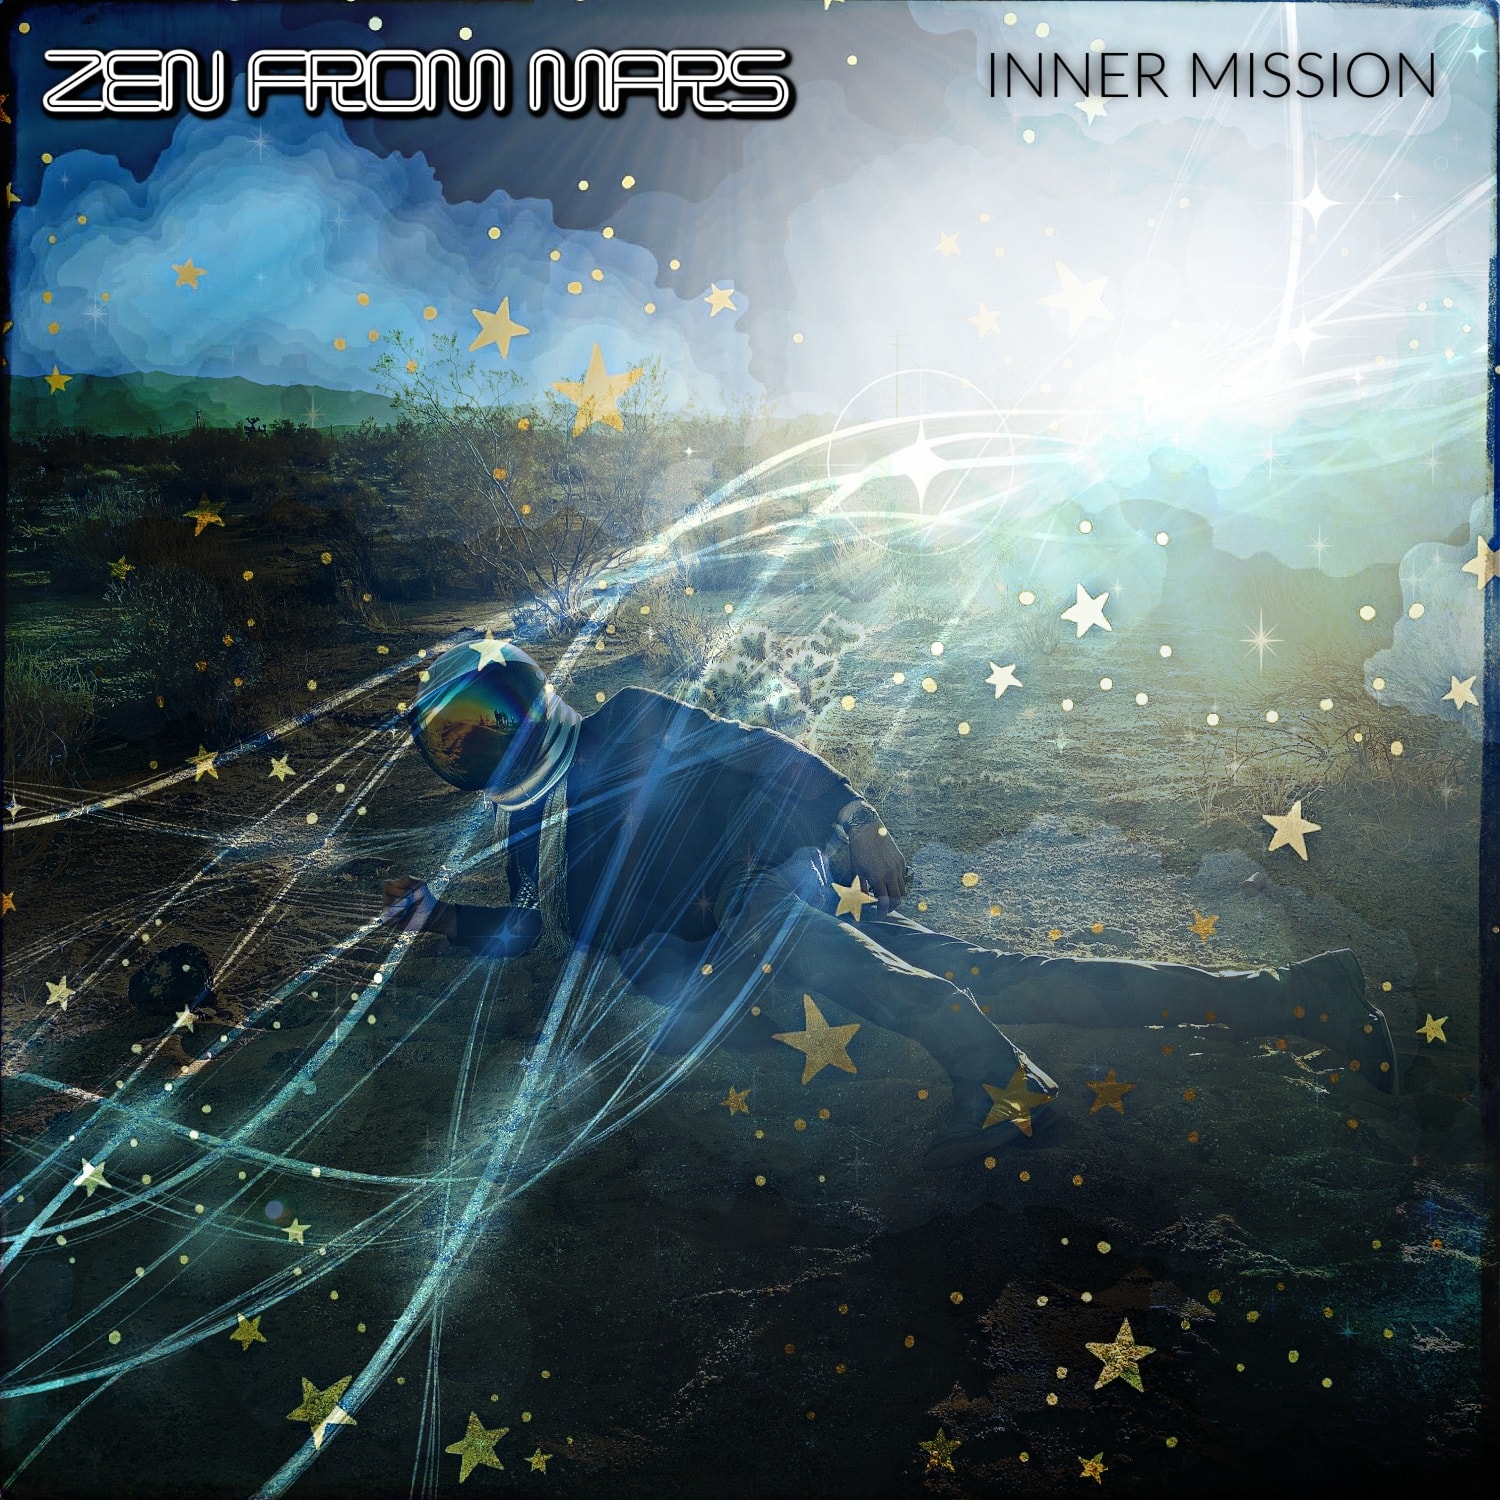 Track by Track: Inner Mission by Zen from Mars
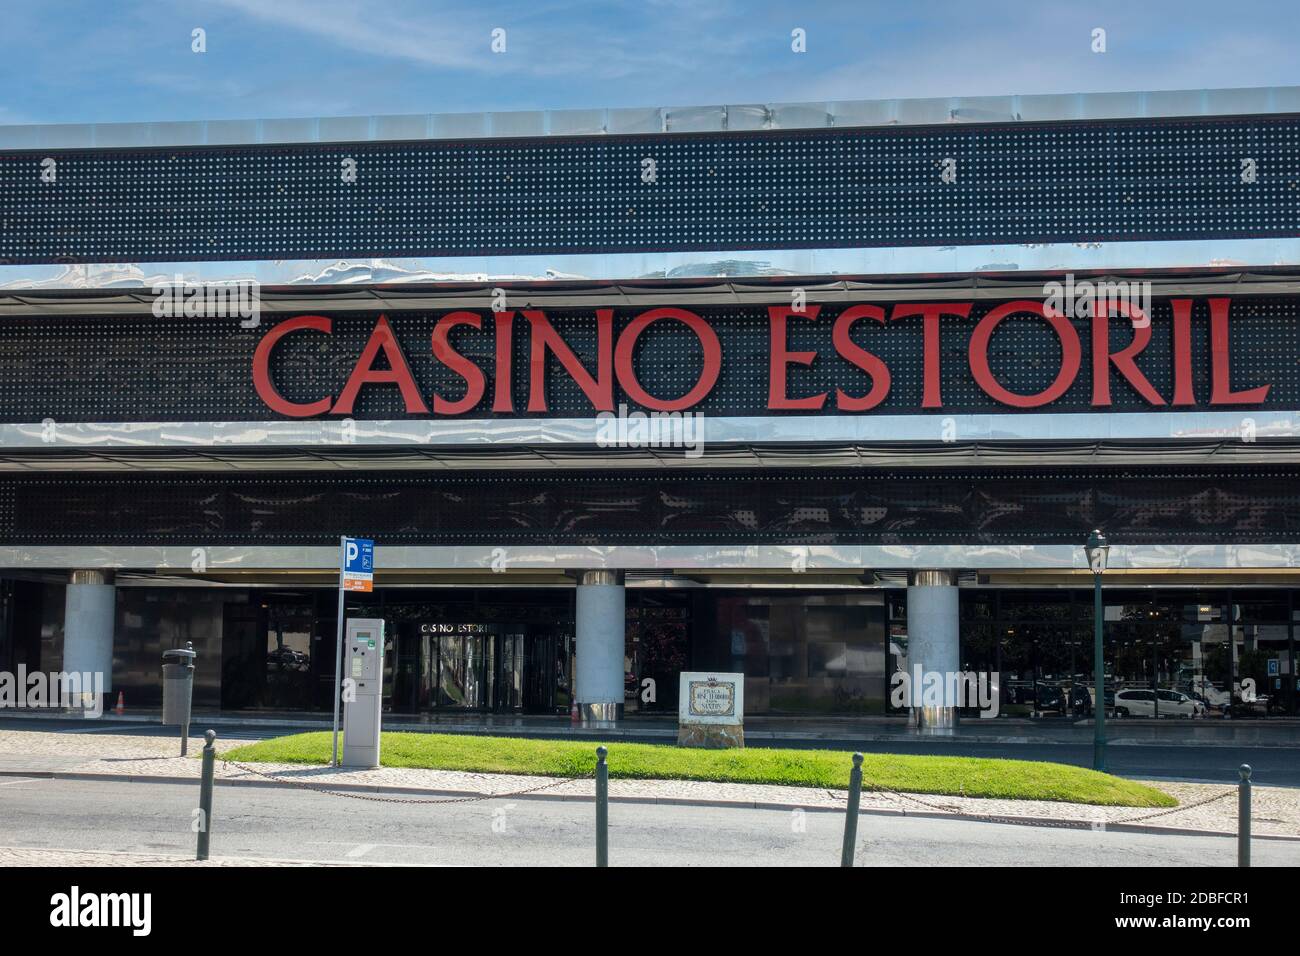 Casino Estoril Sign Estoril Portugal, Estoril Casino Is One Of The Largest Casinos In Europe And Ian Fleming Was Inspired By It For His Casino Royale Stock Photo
________________________
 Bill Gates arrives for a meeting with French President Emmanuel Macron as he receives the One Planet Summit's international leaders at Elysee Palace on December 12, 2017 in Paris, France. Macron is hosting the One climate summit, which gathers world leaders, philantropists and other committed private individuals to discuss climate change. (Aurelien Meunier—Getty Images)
________________________
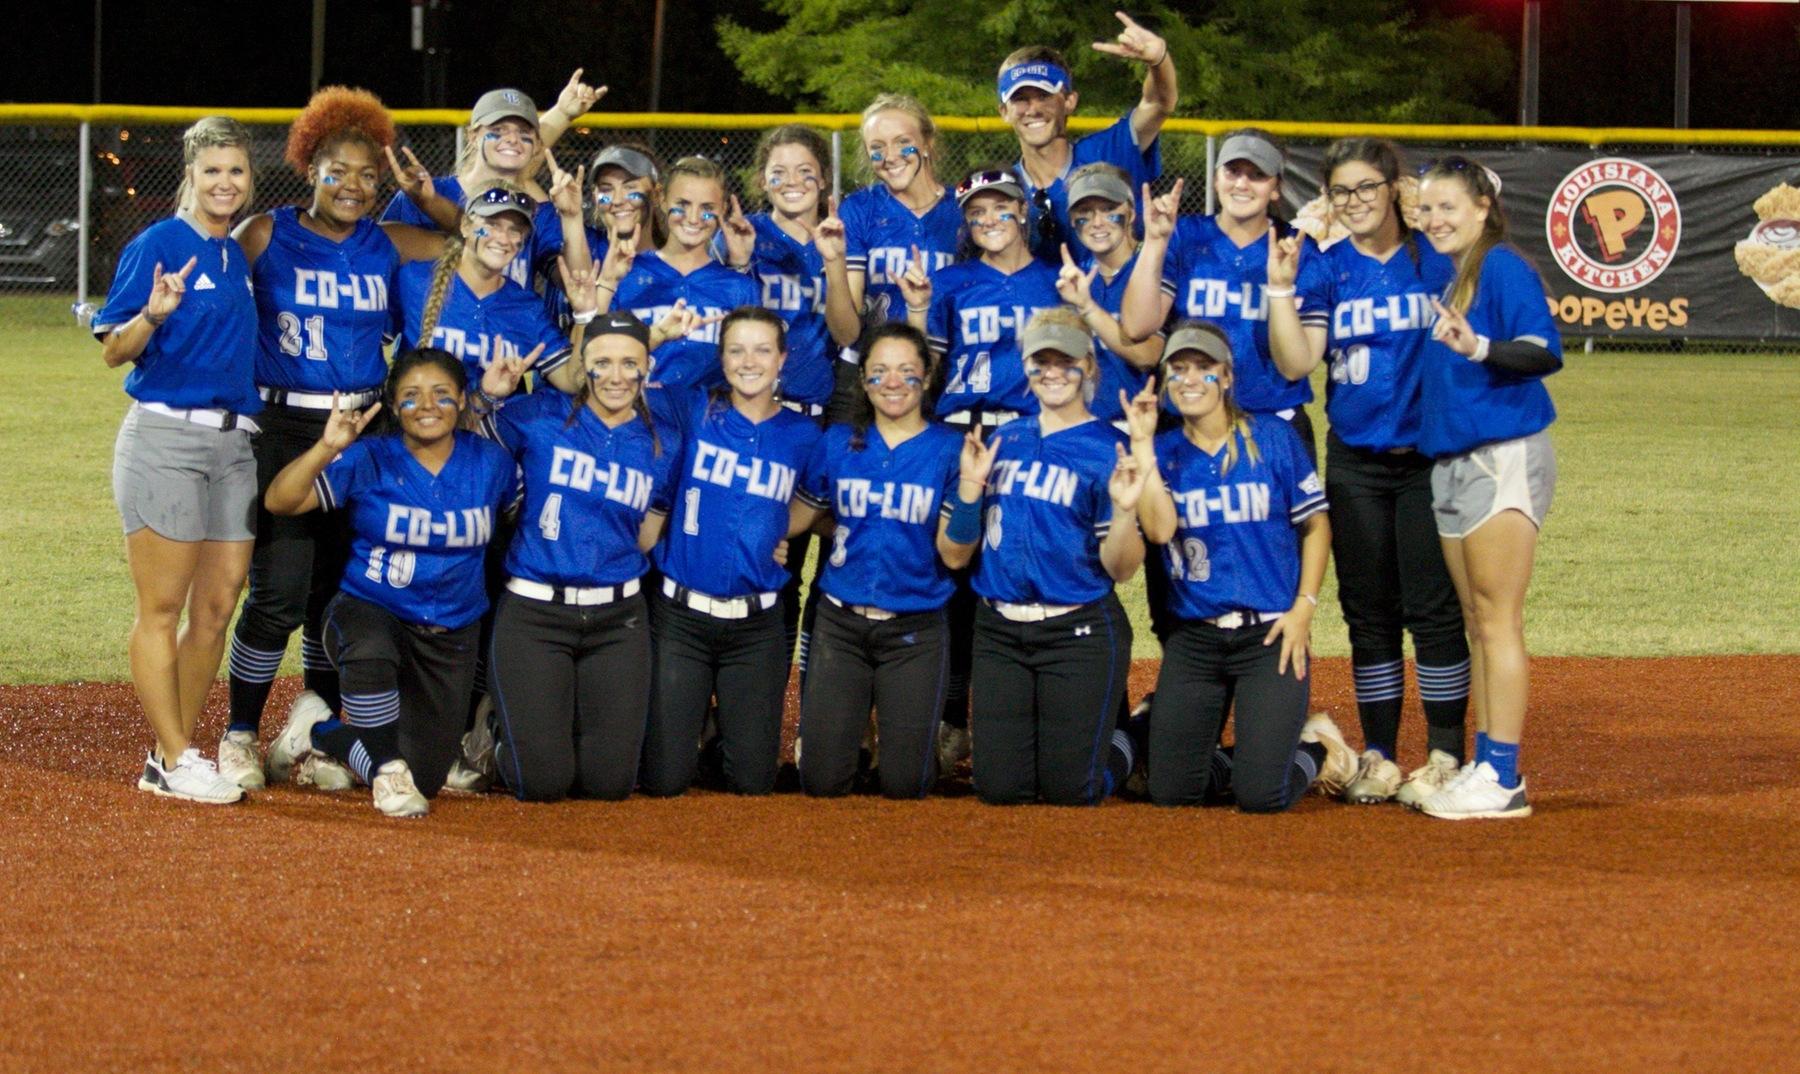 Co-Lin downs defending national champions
________________________
Transcribe, word for word, the stretch of lines in the data above from the one with "Track by Track: Inner" through the one with "Casino Estoril Sign"; omit all pictures.

◆ Exercise solution ◆
 Track by Track: Inner Mission by Zen from Mars
 Casino Estoril Sign Estoril Portugal, Estoril Casino Is One Of The Largest Casinos In Europe And Ian Fleming Was Inspired By It For His Casino Royale Stock Photo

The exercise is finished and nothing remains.